Confronted by fragmented markets and hostility from the commercial sector, several are looking to make an exit from the public service sector.

Italy's RAI will be partially privatised early next year. The Danish government has issued a tender for a chunk of TV2. Two Dutch PSBs are considering linking up with the Belgian commercial broadcaster VTM. In Spain, an investigation into RTVE's funding is ongoing, and Ofcom is in the final stages of its review of public service broadcasting in the UK.

"The biggest single issue between public broadcasters and commercial players is that the public broadcasters get money from advertising as well," Ross Biggam, the director-general of the Association of Commercial TV in Europe, says.

TV2 has first-hand experience of the tension created by funding from both state and advertising. It takes the lion's share of Danish TV ad revenues in a market dominated by print media. The level of state subsidies led to a complaint from the Modern Times Group and an ensuing European Union investigation ruled the cash it received exceeded the amount necessary for it to fulfil its PSB remit.

Ironically, MTG is a possible buyer, along with the likes of SBS, Bonnier and Egmont, now that part of TV2 is up for sale. However, Hans Holger Albrect, MTG's chief executive, is sceptical. "If TV2 doesn't get subsidised it is loss-making - it's a question if you can privatise it," he said recently.

The Danish government is committed to trying, in part at least; between 51 per cent and 66 per cent is for sale. The culture minister, Brian Mikkelsen, estimates saving at least DKr100 million (£9.4 million) in licence fees.

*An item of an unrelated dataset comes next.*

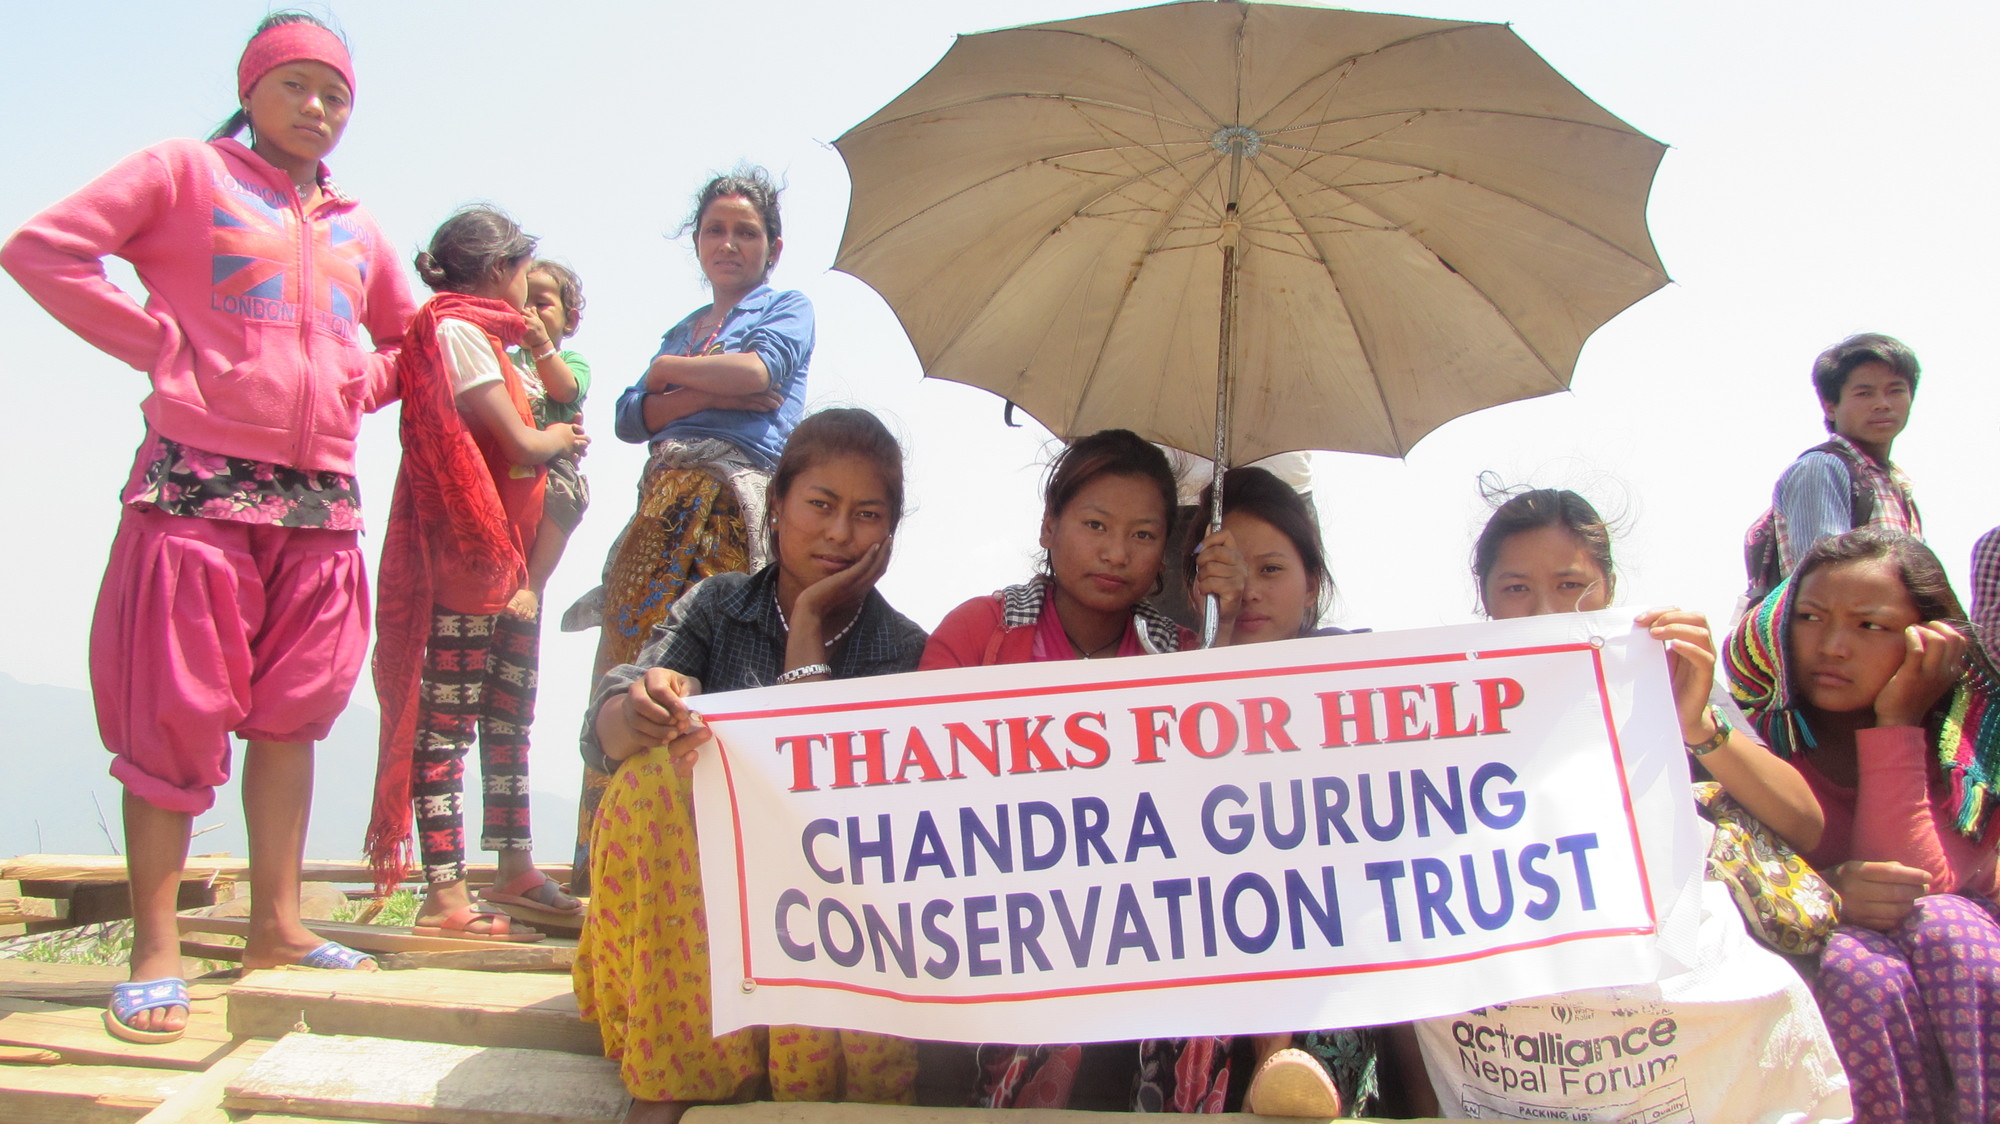 Villagers in Nepal thanking The Chandra Gurung Conservation Trust for their relief efforts.

From an advertiser's perspective the new ratecard, complete with increases of up to 10 per cent, could be a sign of things to come as a more commercially focused TV2 looks to extract maximum value. That's a strategy local agencies say could backfire. TV2 has encouraged the bigger advertisers to develop more creative solutions and, in turn, longer advertisements. These are popular with viewers, who rate the best ad each month.

But these are the advertisers most affected by the new ratecard. "The larger advertisers are hit hard and feel they are getting less value for money," Jonas Hemmingsen, the chief executive of MediaCom Denmark, says.

"They are puzzled because TV2 has given them incentives to make longer commercials and invest in quality content."

In The Netherlands, the PSBs TROS and AVRO are weighing their options.

Both are examining the feasibility of leaving the public system and launching a fully commercial channel with the Belgian free-to-air outfit VTM.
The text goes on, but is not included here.